# Antique faucets



## Pipe Rat (Apr 5, 2009)

I have had these since I was a cub. I got them from my Dad's shop 30 years ago. I cut the shanks off to display them. I wish I wouldn't have so I could rebuild them and put them in use.......oh well


----------



## PlumberShep (Sep 22, 2010)

Pipe Rat said:


> I have had these since I was a cub. I got them from my Dad's shop 30 years ago. I cut the shanks off to display them. I wish I wouldn't have so I could rebuild them and put them in use.......oh well


 Shame that you cut the shanks off.Those would fetch quite a bit of cash in tact.


----------



## ckoch407 (Sep 30, 2009)

Oh well. They still look cool.


----------



## tallpines (Jan 5, 2011)

*faucet*

you could drill and tap the shank holes, and use 1/2 inch brass nipples to put it back into use


----------



## Tommy plumber (Feb 19, 2010)

I love old antique stuff, any idea the year those were made? I'd love to know. They look ancient, like maybe late 1800's or early 1900's.


----------



## DUNBAR PLUMBING (Sep 11, 2008)

Holy **** dude, 





 

I did work for a well known lawyer group down in covington kentucky, building had 6 of these faucets like you have pictured.

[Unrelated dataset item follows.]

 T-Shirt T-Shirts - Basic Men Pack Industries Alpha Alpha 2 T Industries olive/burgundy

What was happening was the brass was rotting away, the course thread of the stems was slowly destroying itself, along with the end of the stem itself in a bad way.

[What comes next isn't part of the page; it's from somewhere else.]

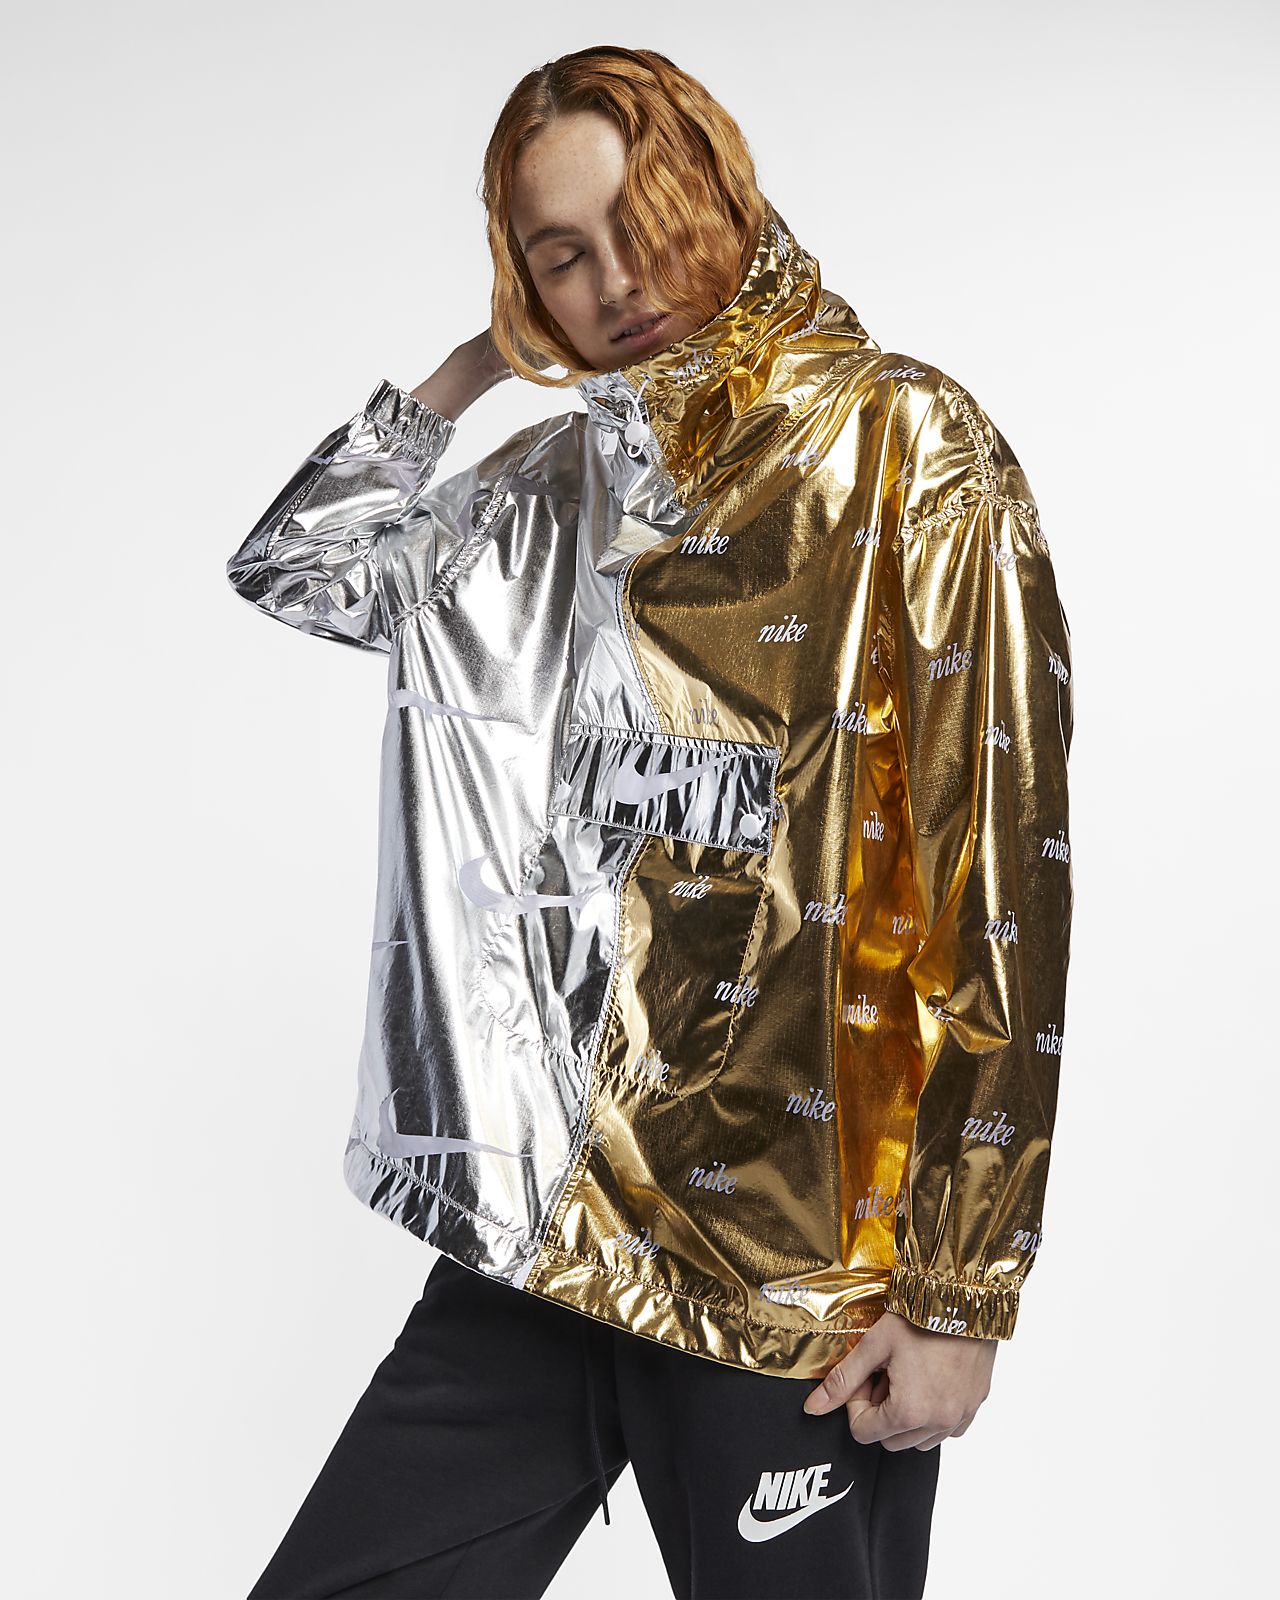 metallic jacket nike Shop Clothing

Customer wanted me to find the new replacement stems like it was yesterday, I looked online to the point of exhaustion and gave up.

I haven't done work for him ever since, might of pissed him off. I tried renovators along with a few others, found the source and they only had the cold stem, not hot. I needed a hot stem on 2 of the 3 sets.

I really did not like working on them knowing their condition and I didn't want to spend 3 hours on the internet, calling others trying to find the product without pay. 

He might of picked up that I didn't deem him as important as he wanted me to be. Some jobs are truly worth losing if that's the case.


----------



## DUNBAR PLUMBING (Sep 11, 2008)

Let me know if you can get stems for those faucets... I can sell them.


----------